Ölpreis strebt neues Rekordhoch an

Internationale Energieagentur: Ölförderung ist im März gesunken. Im Sommer könnte ein Liter Super 1,70 Euro kosten

BERLIN taz ■ Der Ölpreis strebt auf neue Rekordmarken zu. Branchendienste gingen gestern davon aus, dass „der Markt in den USA die 70-Dollar-Marke testen will“. Damit wäre wieder knapp das Allzeithoch von 70,85 Dollar vom vergangenen August erreicht. Damals hatte der Hurrikan „Katrina“ viele Förderanlagen und Raffinerien im Golf von Mexiko zerstört.

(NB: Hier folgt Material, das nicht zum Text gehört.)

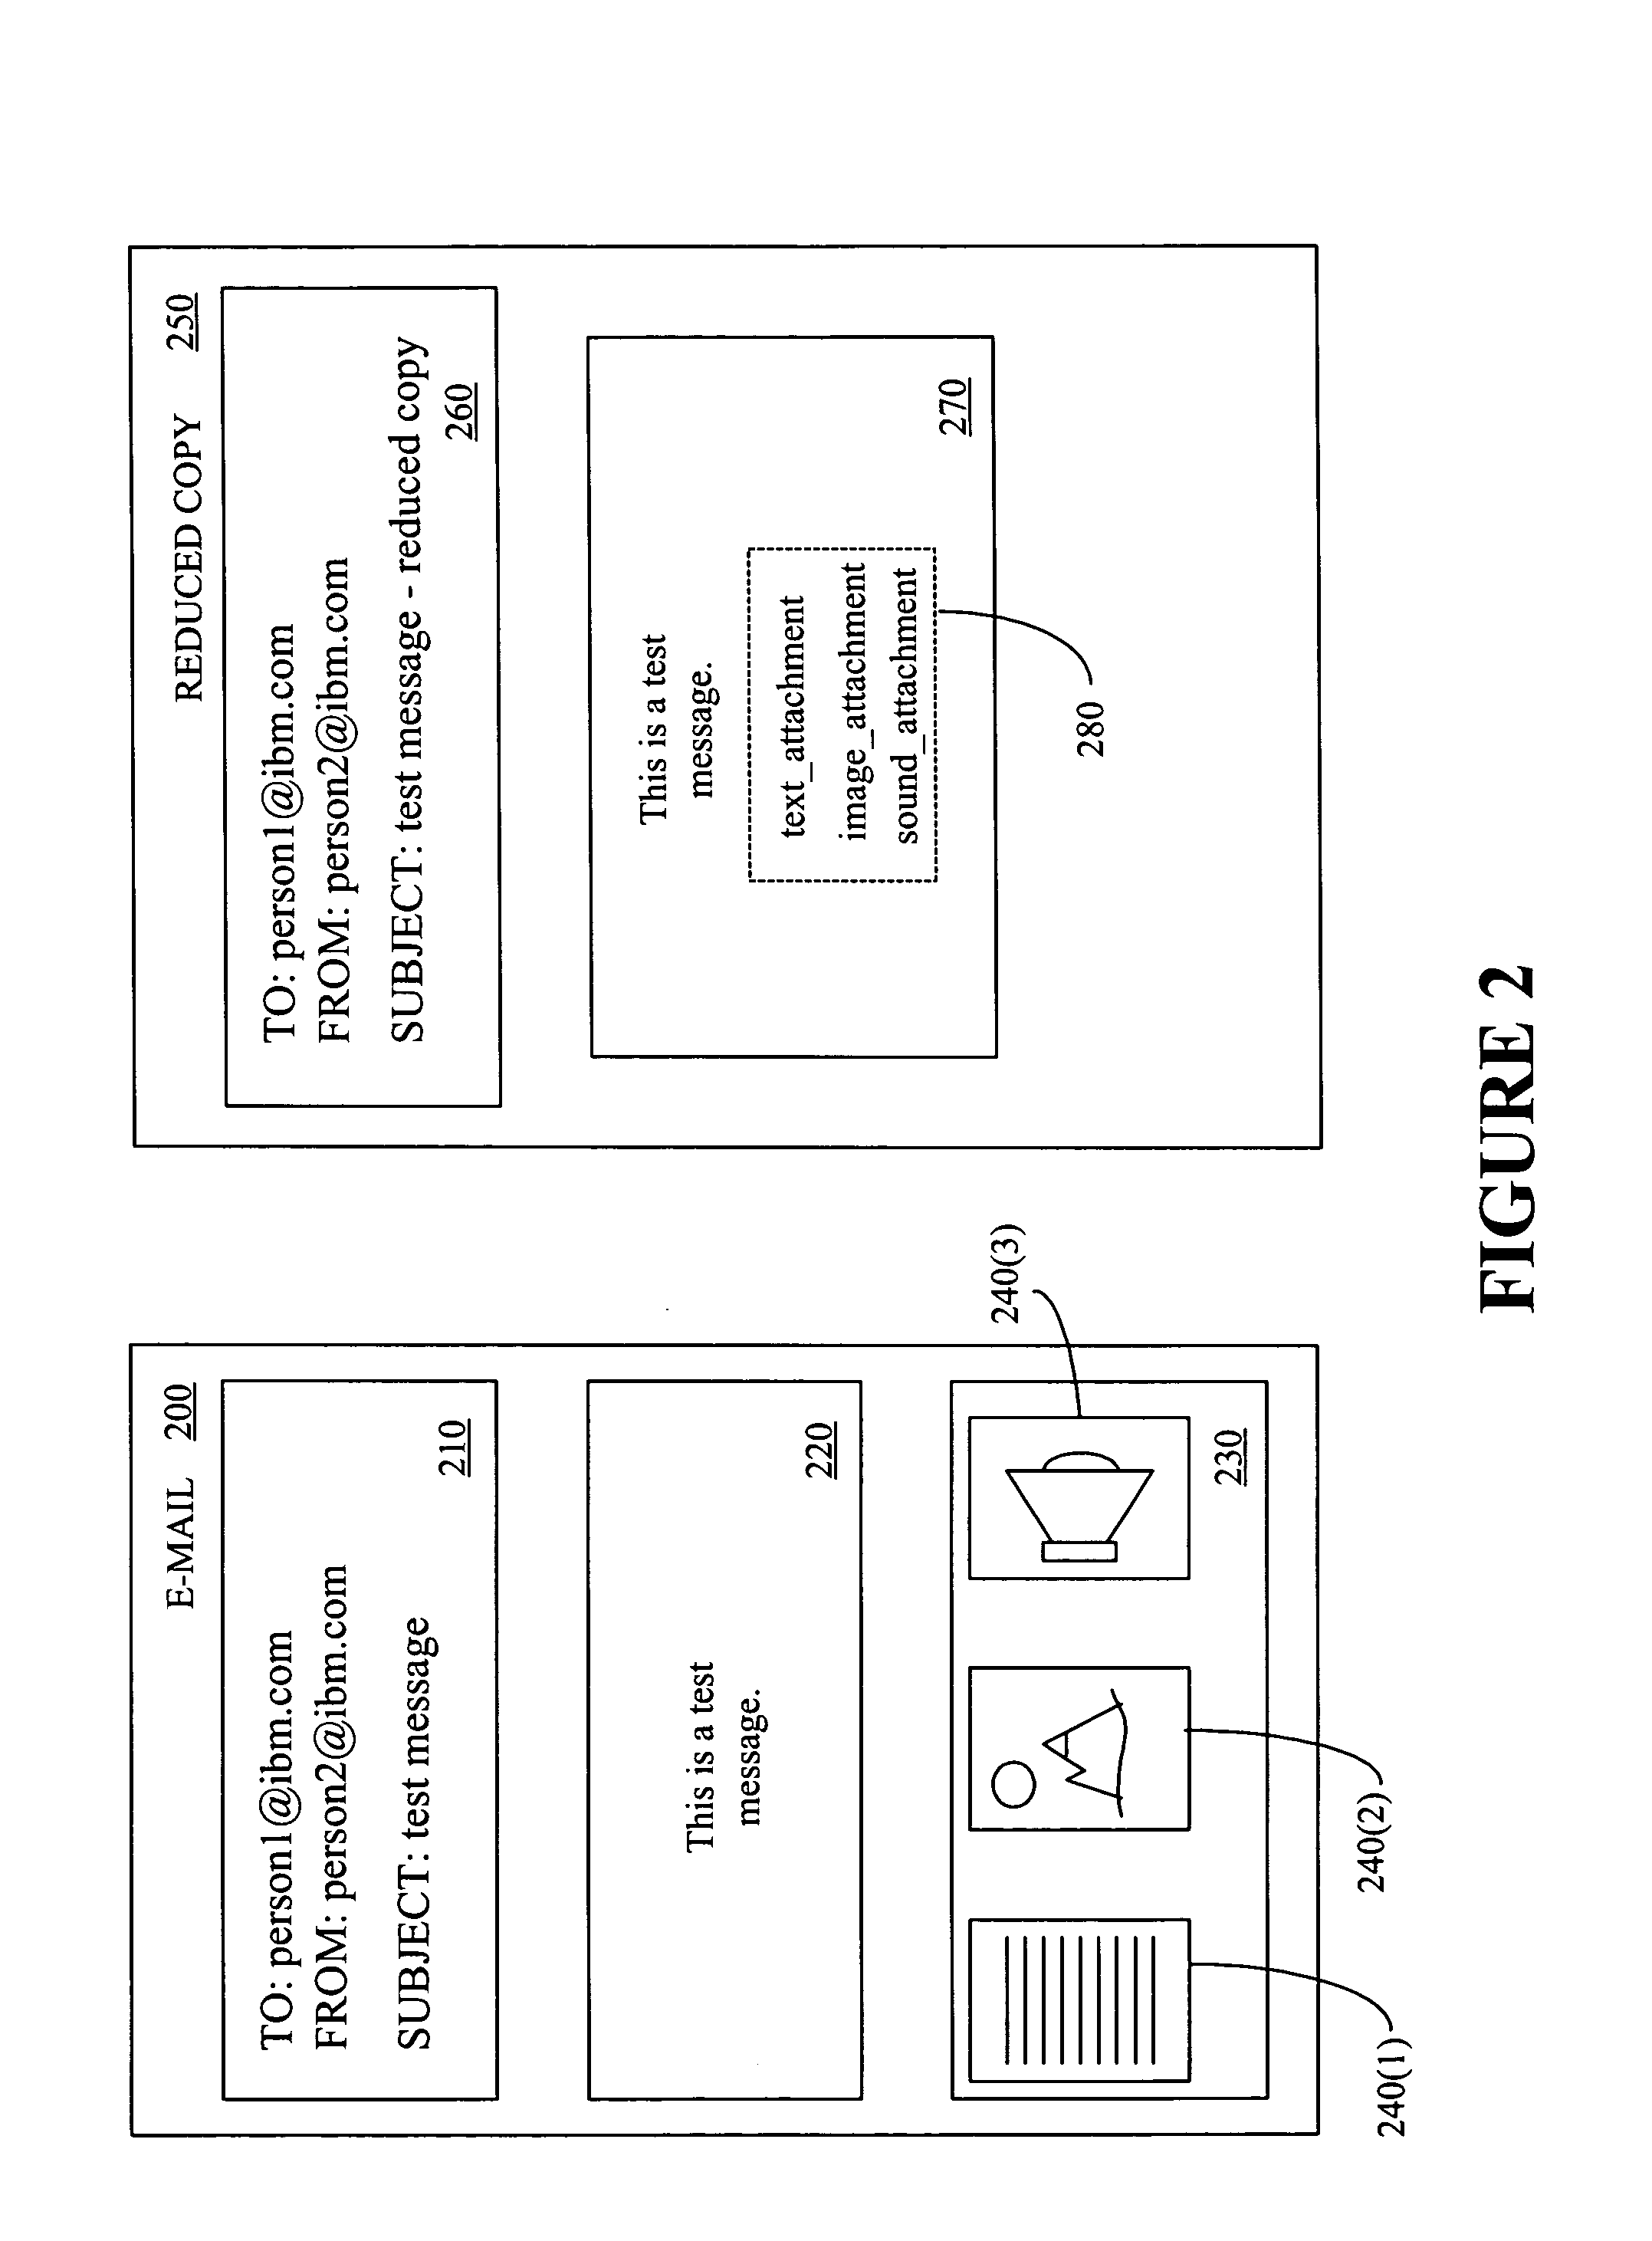 Providing a portion of an electronic mail message based upon a transfer rate and a message size
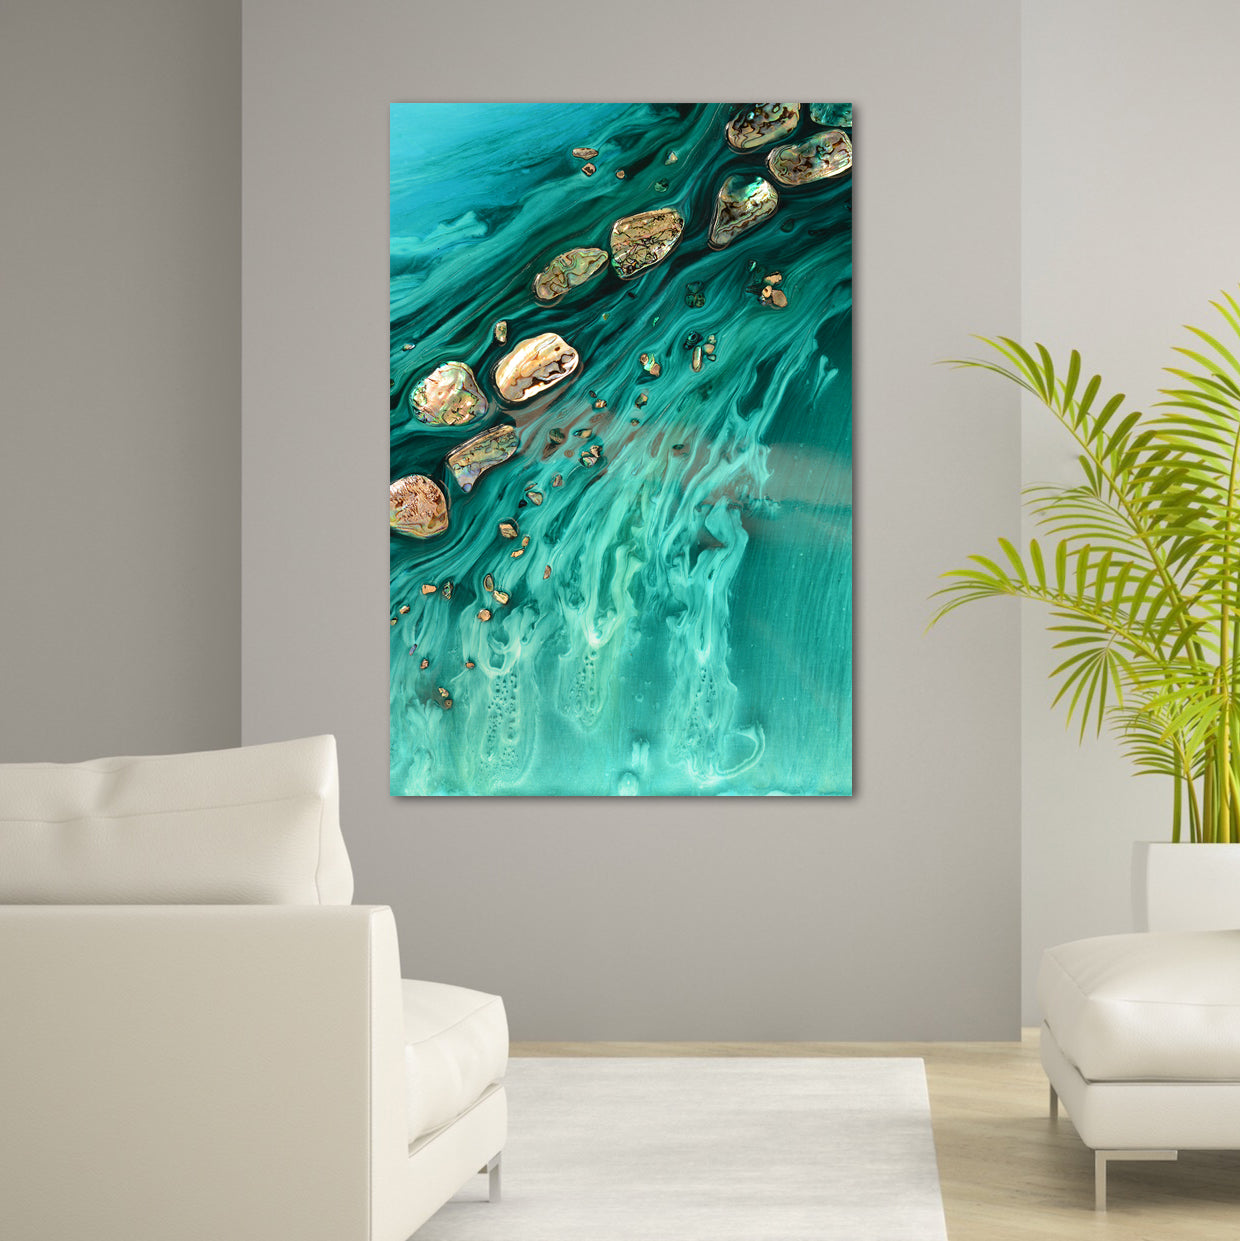 Abstract Ocean Artwork. Rise Above Seashells 1. Art Print. Antuanelle 2 Limited Edition Print

Mittelfristig ist ein Preisrückgang nicht abzusehen, denn Nachfrage und Angebot klaffen beim Öl immer stärker auseinander, wie die jüngsten Marktdaten zeigen. So veröffentlichte die Internationale Energieagentur (IEA) in Paris gestern ihren Monatsbericht. Im März fiel das weltweite Ölangebot um 125.000 auf 84,5 Millionen Barrel am Tag. Ein Grund: In Nigeria haben Rebellen die Förderanlagen von Shell angegriffen. Seither sind sie weitgehend lahm gelegt.

Gleichzeitig rechnet die IEA aber damit, dass die Nachfrage um 1,47 Millionen Barrel pro Tag steigt. Allein in China nahm die Nachfrage um 4 Prozent zu. Im April dürfte der Bedarf daher bei knapp 86 Millionen Barrel täglich liegen. Konsequenz: Es entsteht eine Lücke von etwa einer Million Barrel täglich.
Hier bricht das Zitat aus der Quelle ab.